When `BULK_RECORDER_SIZE` is set to `0` (the default), the batch size is derived automatically:

```
batch size = RABBITMQ_NUMBERS_OF_WORKERS × RABBITMQ_NUMBERS_OF_PREFETCH
```

This aligns the collector's capacity with the actual message flow from RabbitMQ, preventing partial flushes or memory pressure.

<Warning>
  If you set `BULK_RECORDER_SIZE` manually, make sure it aligns with your prefetch settings. A size much larger than `workers × prefetch` means the collector will rarely fill up and will rely mostly on timeout-based flushes.
</Warning>

## Tuning for your workload

***

The two main levers are **batch size** and **flush timeout**. The right balance depends on whether you prioritize latency or throughput.

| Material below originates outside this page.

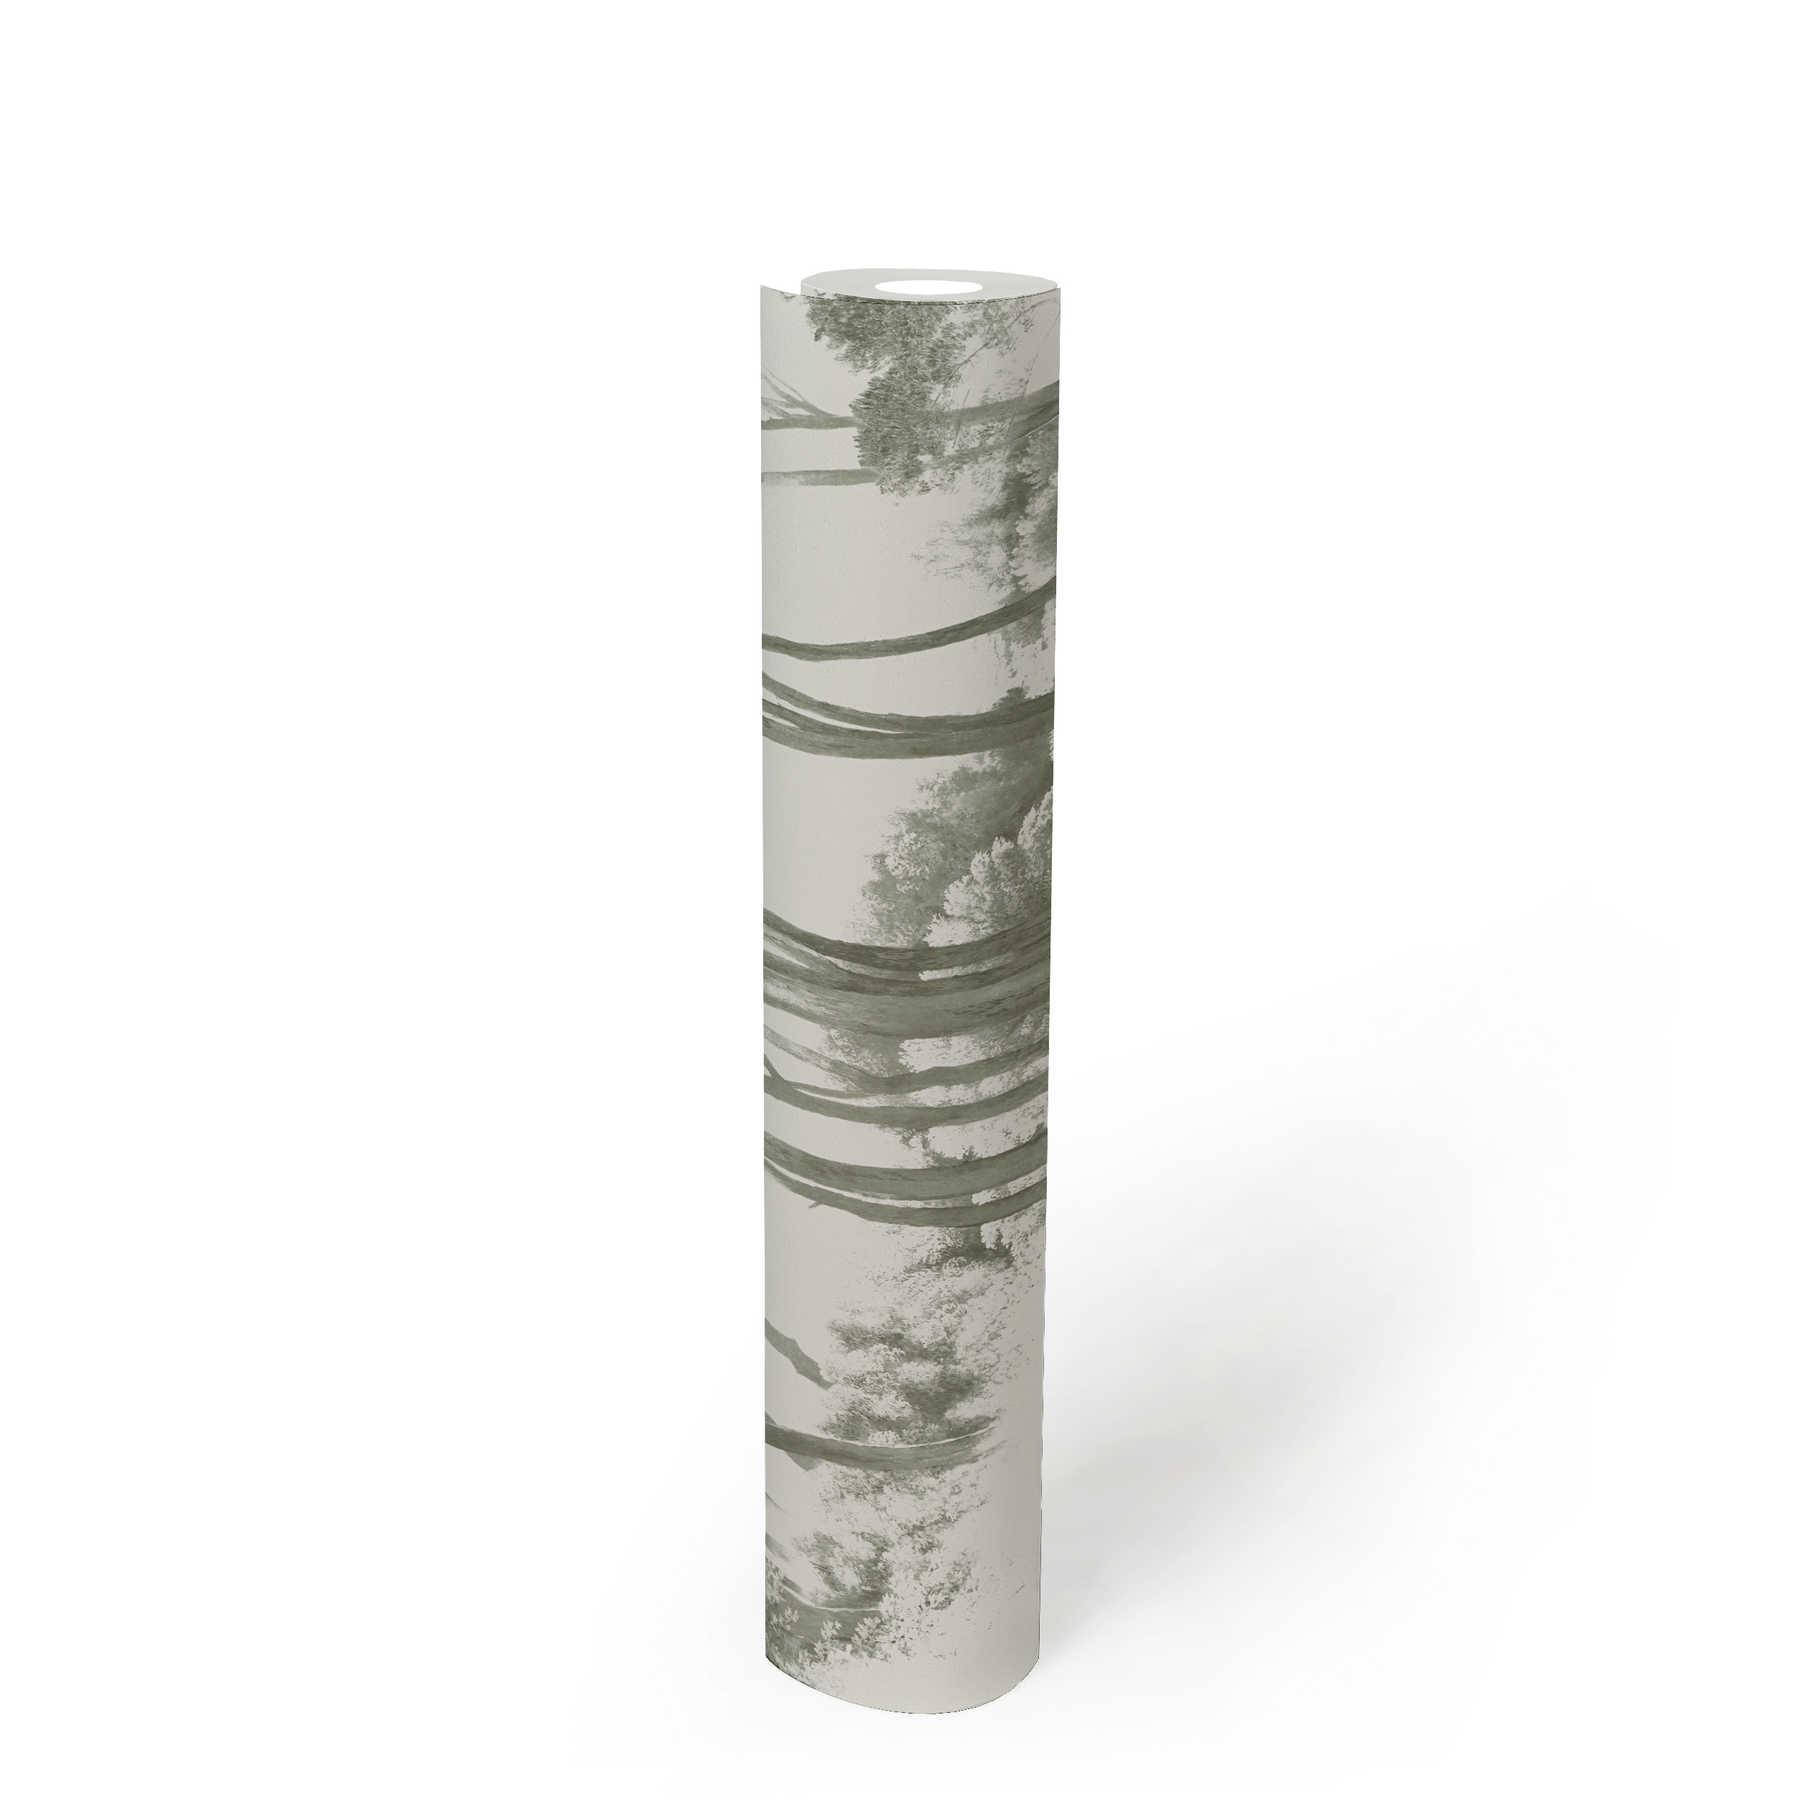             Tapete stilisierte Wald-Landschaft – Grün, Weiß

### Low latency (real-time processing)

Keep batches small and timeouts short. Messages are persisted quickly, even if batches aren't full.

<CodeGroup>
  ```bash Low-latency configuration theme={null}
  RABBITMQ_NUMBERS_OF_WORKERS=5
  RABBITMQ_NUMBERS_OF_PREFETCH=10
  BULK_RECORDER_SIZE=0          # auto: 5 × 10 = 50
  BULK_RECORDER_FLUSH_TIMEOUT_MS=50
  ```
</CodeGroup>

### High throughput (batch operations)

Larger batches and longer timeouts maximize database efficiency. Ideal for mass payouts, end-of-day settlements, or migration workloads.

<CodeGroup>
  ```bash High-throughput configuration theme={null}
  RABBITMQ_NUMBERS_OF_WORKERS=10
  RABBITMQ_NUMBERS_OF_PREFETCH=20
  BULK_RECORDER_SIZE=0          # auto: 10 × 20 = 200
  BULK_RECORDER_FLUSH_TIMEOUT_MS=300
  ```
</CodeGroup>

<Tip>
  Start with the defaults and adjust based on observed behavior. Monitor the `Bulk mode configured for consumer` log at startup to confirm your settings are applied.
</Tip>

## Safety guarantees

***

The Bulk Recorder is designed to be safe under all conditions:

### Idempotency

Every bulk insert uses `ON CONFLICT (id) DO NOTHING`. If a message is delivered twice — due to a retry, redelivery, or network hiccup — the duplicate is silently discarded. No data corruption, no constraint violations.

### Deadlock prevention

Before each bulk insert, record IDs are sorted. This ensures all concurrent writers acquire locks in the same order, eliminating the most common source of PostgreSQL deadlocks in high-concurrency scenarios.

### Internal chunking

Large batches are automatically split into chunks that fit within PostgreSQL's 65,535 parameter limit per query:

| Record type | Columns per row | Rows per chunk | Parameters per chunk |
| :---------- | :-------------- | :------------- | :------------------- |
| Transaction | 15              | 1,000          | 15,000               |
| Operation   | 30              | 1,000          | 30,000               |

This chunking is handled internally. You only need to configure `BULK_RECORDER_MAX_ROWS_PER_INSERT` if you want to adjust the chunk size — the default of 1,000 rows is optimal for most deployments.

## When to use

***

**Use Bulk Recorder when:**

* You process high volumes of transactions (hundreds or thousands per second).
* Your workload includes batch operations like mass payouts, settlements, or data migrations.
* You're already using async transaction processing (`RABBITMQ_TRANSACTION_ASYNC=true`).
* You want to reduce database load and connection pressure.

**Keep it disabled when:**

* Your volume is low enough that individual inserts aren't a bottleneck.
* You need strict per-message ordering guarantees that batch processing would break.
* You're debugging transaction processing and want simpler, message-by-message flow.